Au Québec, dans les basses-terres du Saint-Laurent, nichée sur la montagne de Covey Hill, vit une population d’une espèce très particulière : la salamandre pourpre.

Cet amphibien nocturne est la plus grande des salamandres dépourvues de poumons, des animaux qui ont besoin d’un habitat humide leur permettant une respiration cutanée. La salamandre pourpre peut atteindre 20 centimètres de long; elle a pour habitat préféré les cours d’eau de montagne frais et limpides alimentés par des sources. Sa survie est menacée lorsque ces cours d’eau se troublent en raison de la sédimentation et que leur eau bien oxygénée se trouve polluée.

La salamandre pourpre chasse la nuit, se nourrissant souvent d’autres espèces de salamandres plus petites. Elle peut échapper à son principal prédateur, la truite, en se réfugiant sur terre.

Nous ne connaissons que quelques populations de salamandre pourpre au Canada; l’espèce est désignée préoccupante sur la liste du COSEPAC. Sur la colline Covey Hill, extension nordique des Adirondack au Canada, CNC et ses partenaires s’emploient activement pour protéger son habitat.

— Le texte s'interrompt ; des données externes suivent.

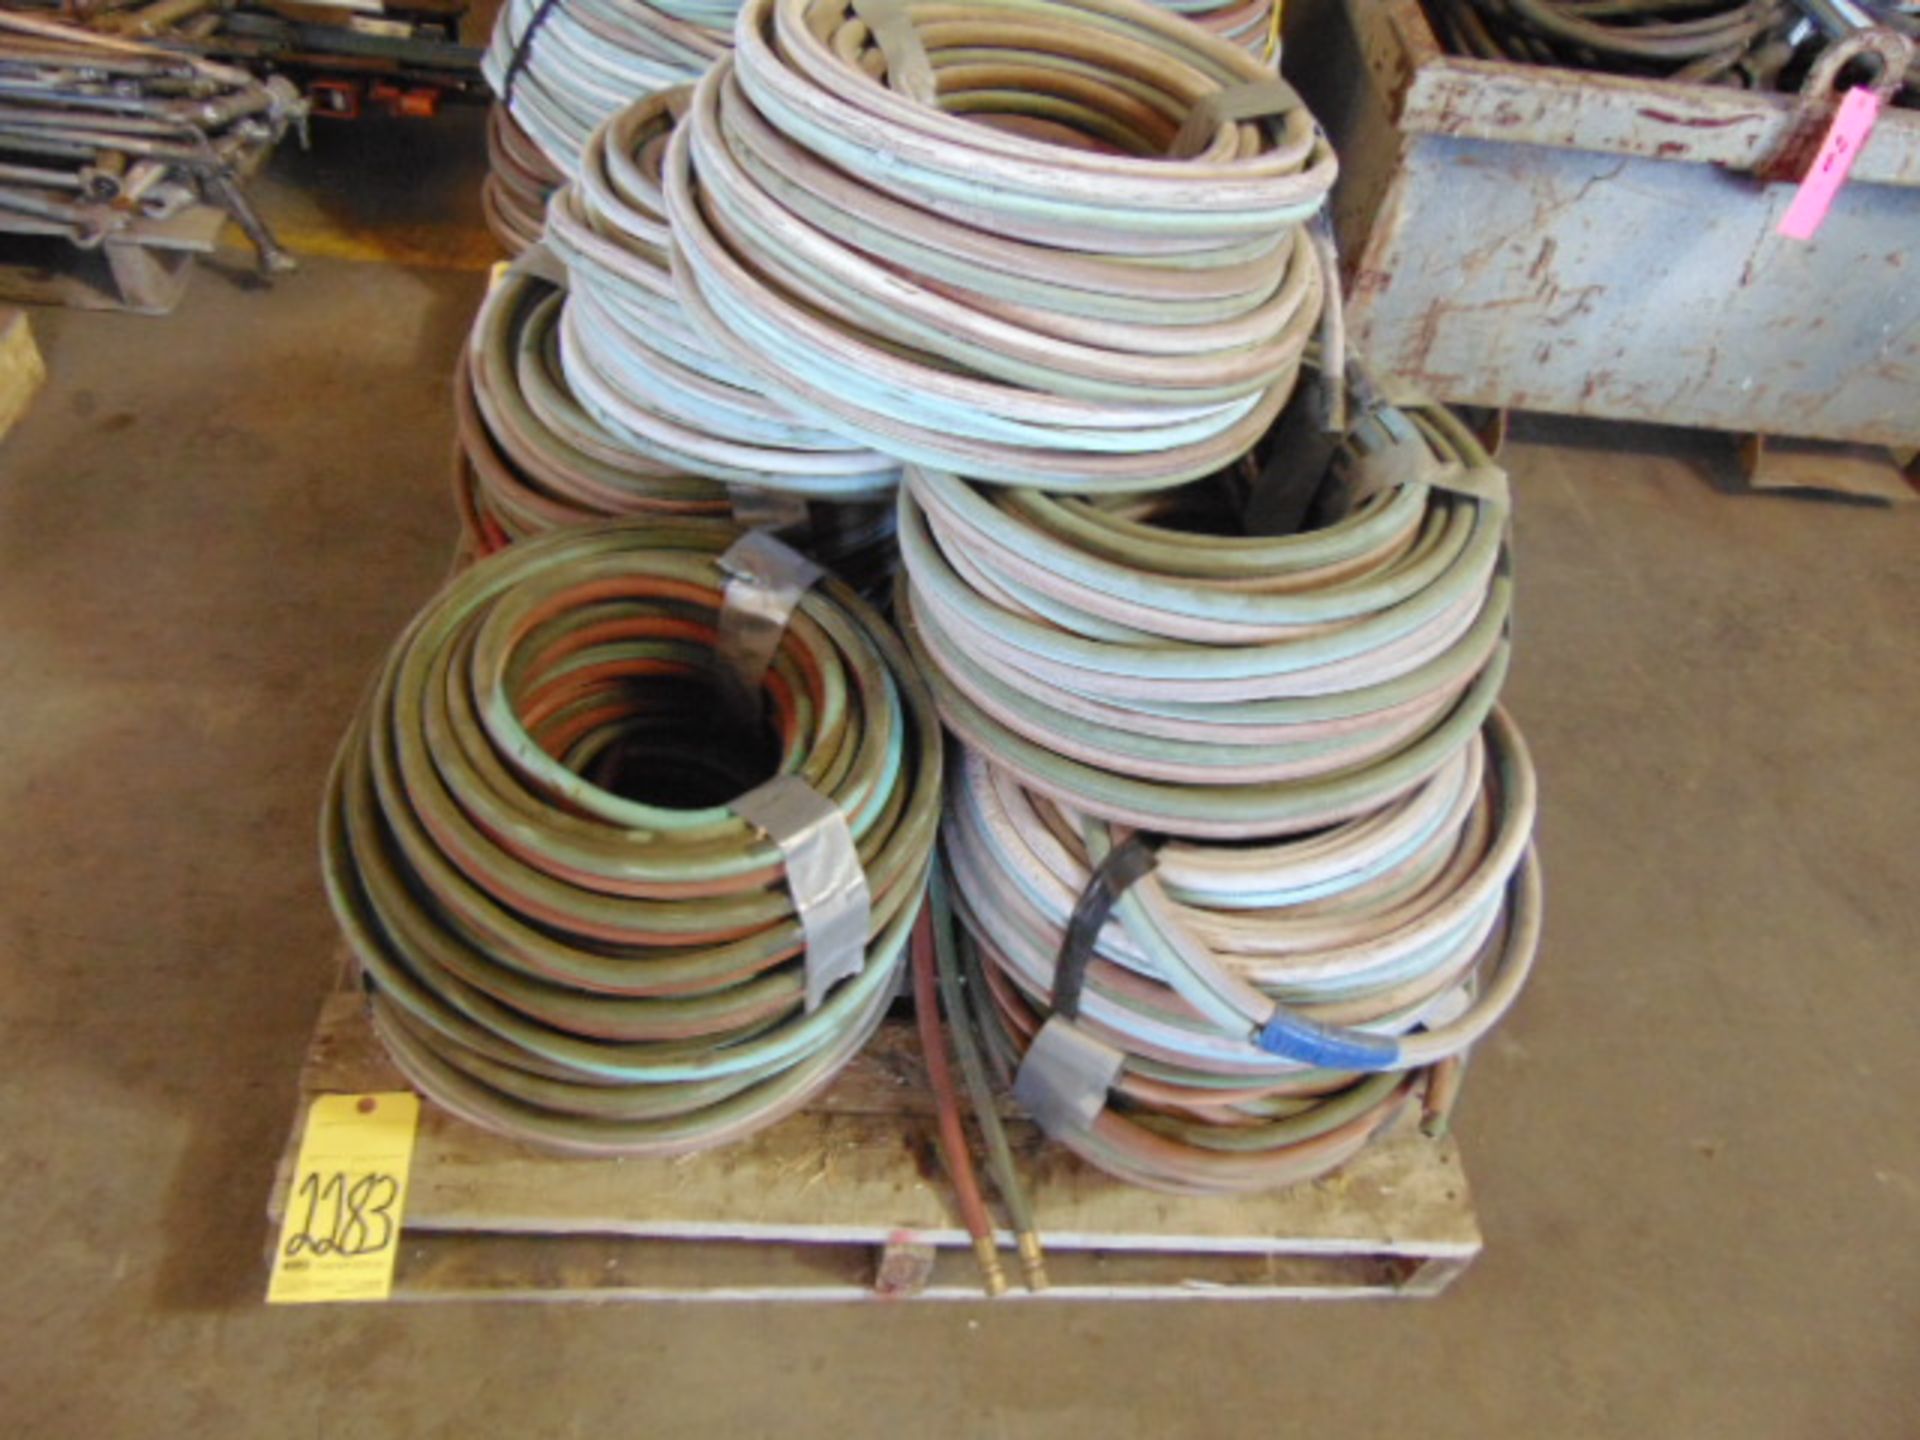 LOT OF TORCH HOSES (on one skid)
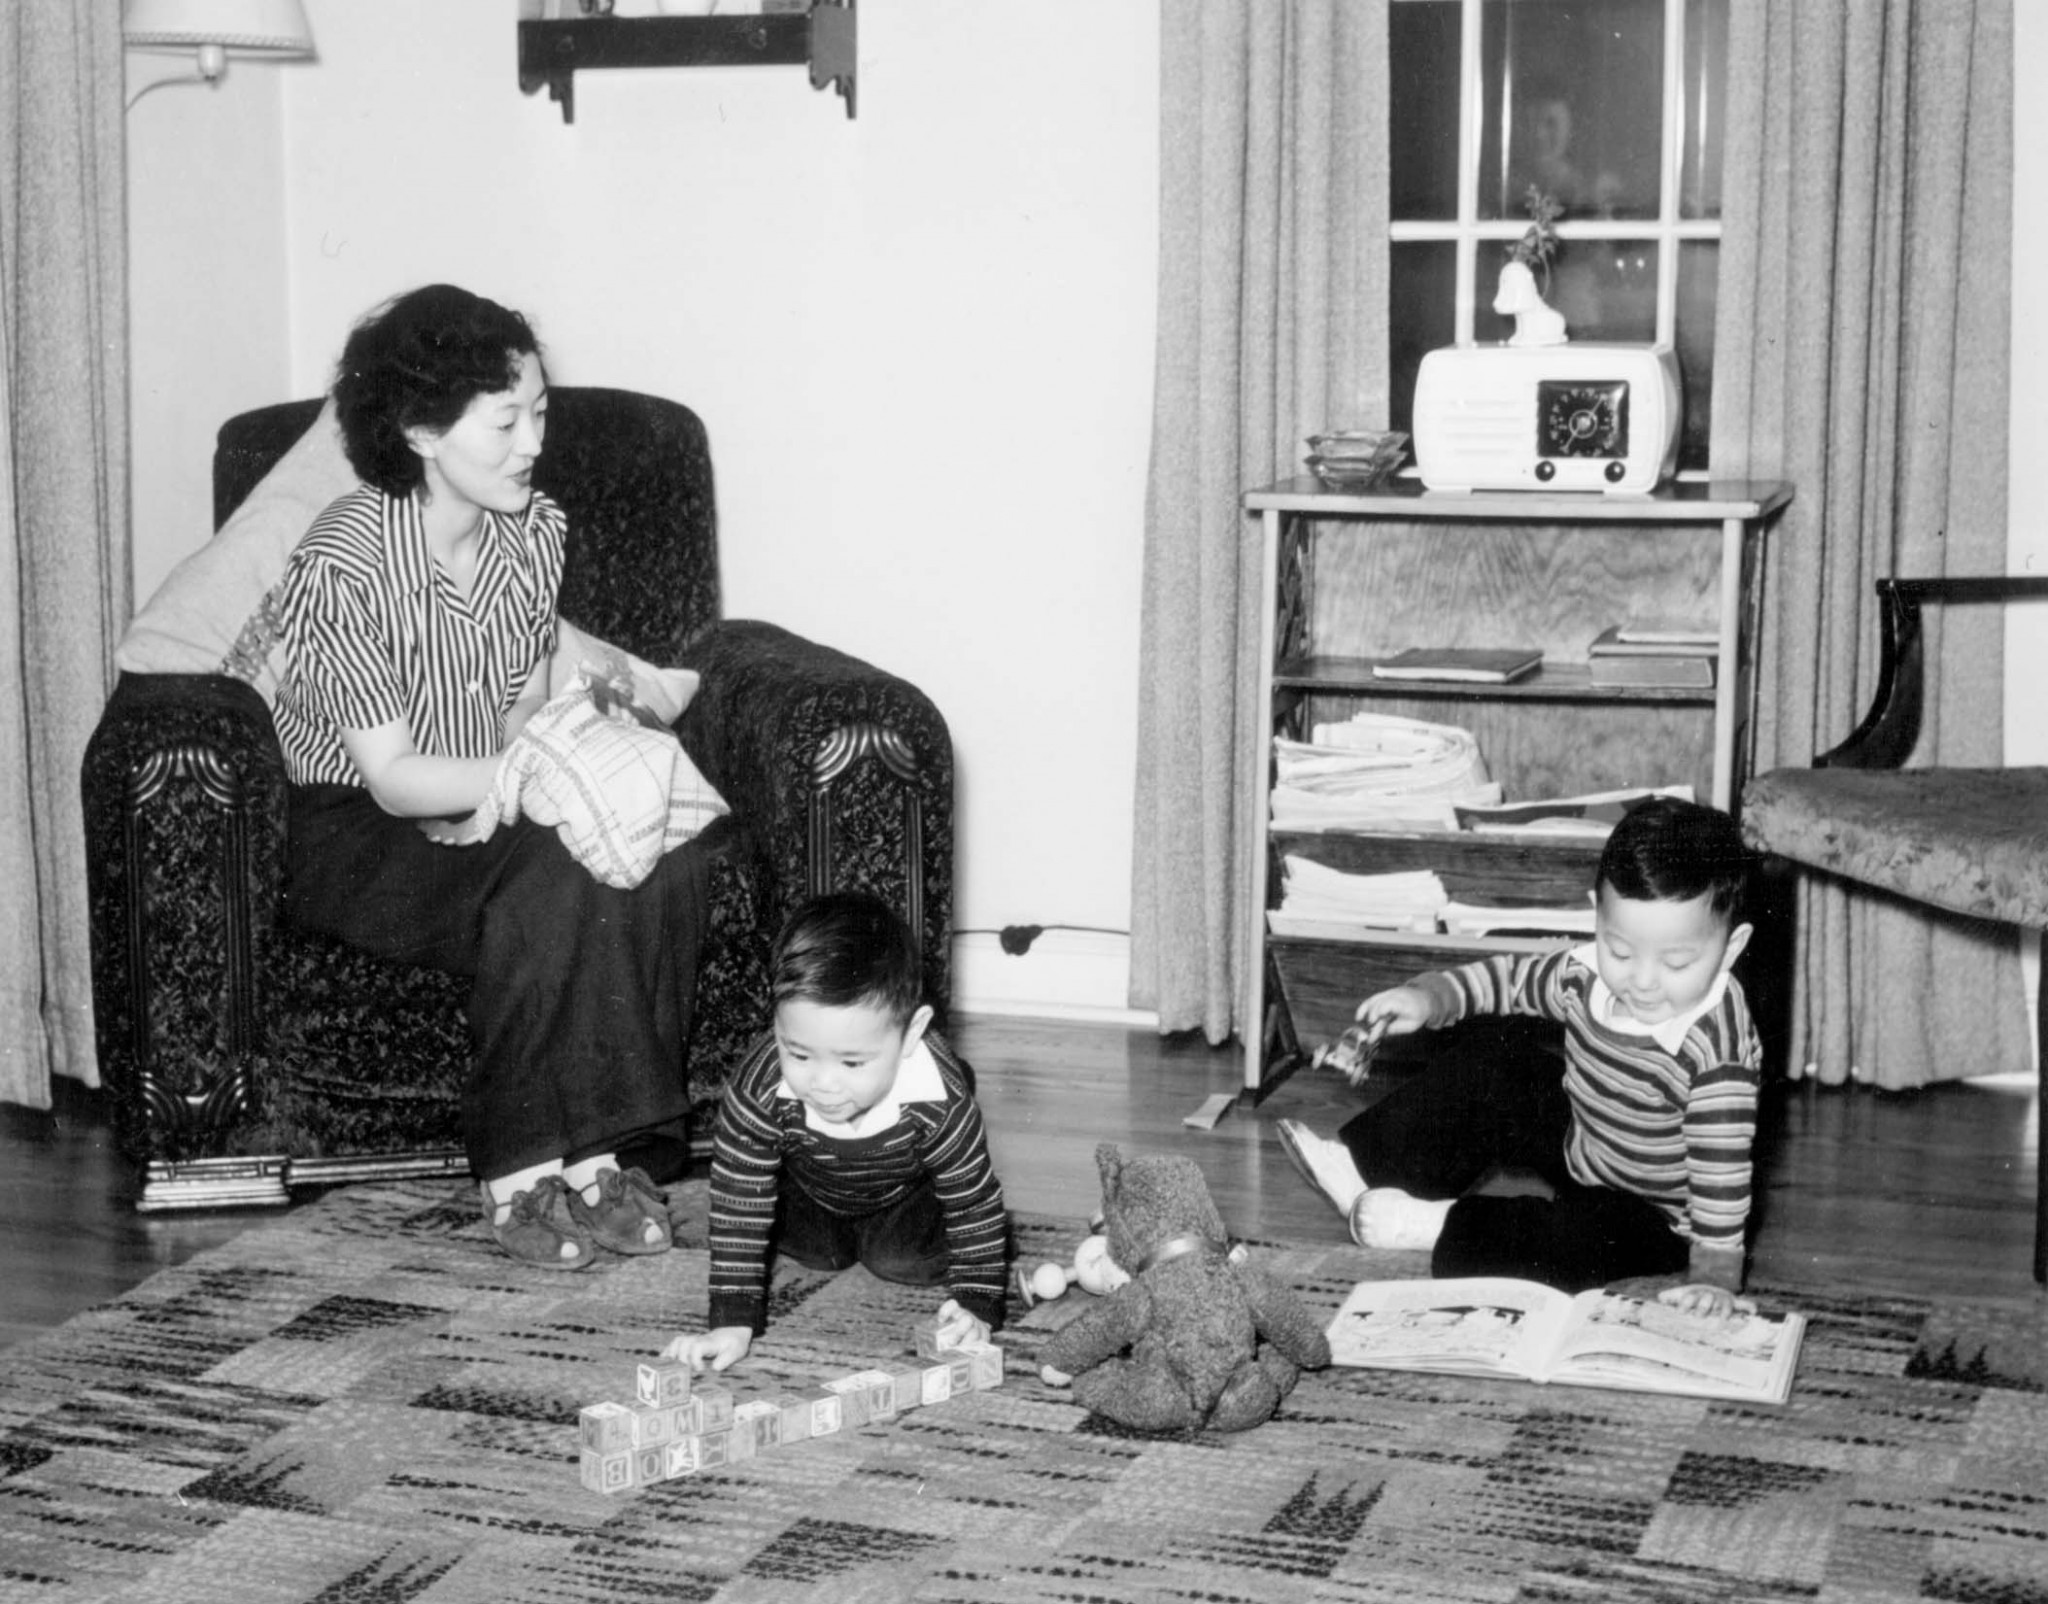 Photograph of a japanese american woman sitting on a sofa in the interior of her home, while two small boys are playing blocks and reading a book on the carpeted floor.

Les vastes tourbières, les landes de pins et les sources naturelles de la région sont essentielles pour la salamandre pourpre et pour un certain nombre d’autres espèces végétales et animales en péril. Parmi les autres salamandres des Appalaches atteignant la limite nord de leur répartition se trouvent la salamandre à quatre doigts et la salamandre sombre des montagnes, une espèce menacée dans tout le pays.

Elles partagent la région avec l’utriculaire à scapes géminés, une plante rare au Québec, des espèces aviaires tels le dindon sauvage et l’épervier de Cooper, ainsi que des mammifères comme le lynx roux et l’ours noir.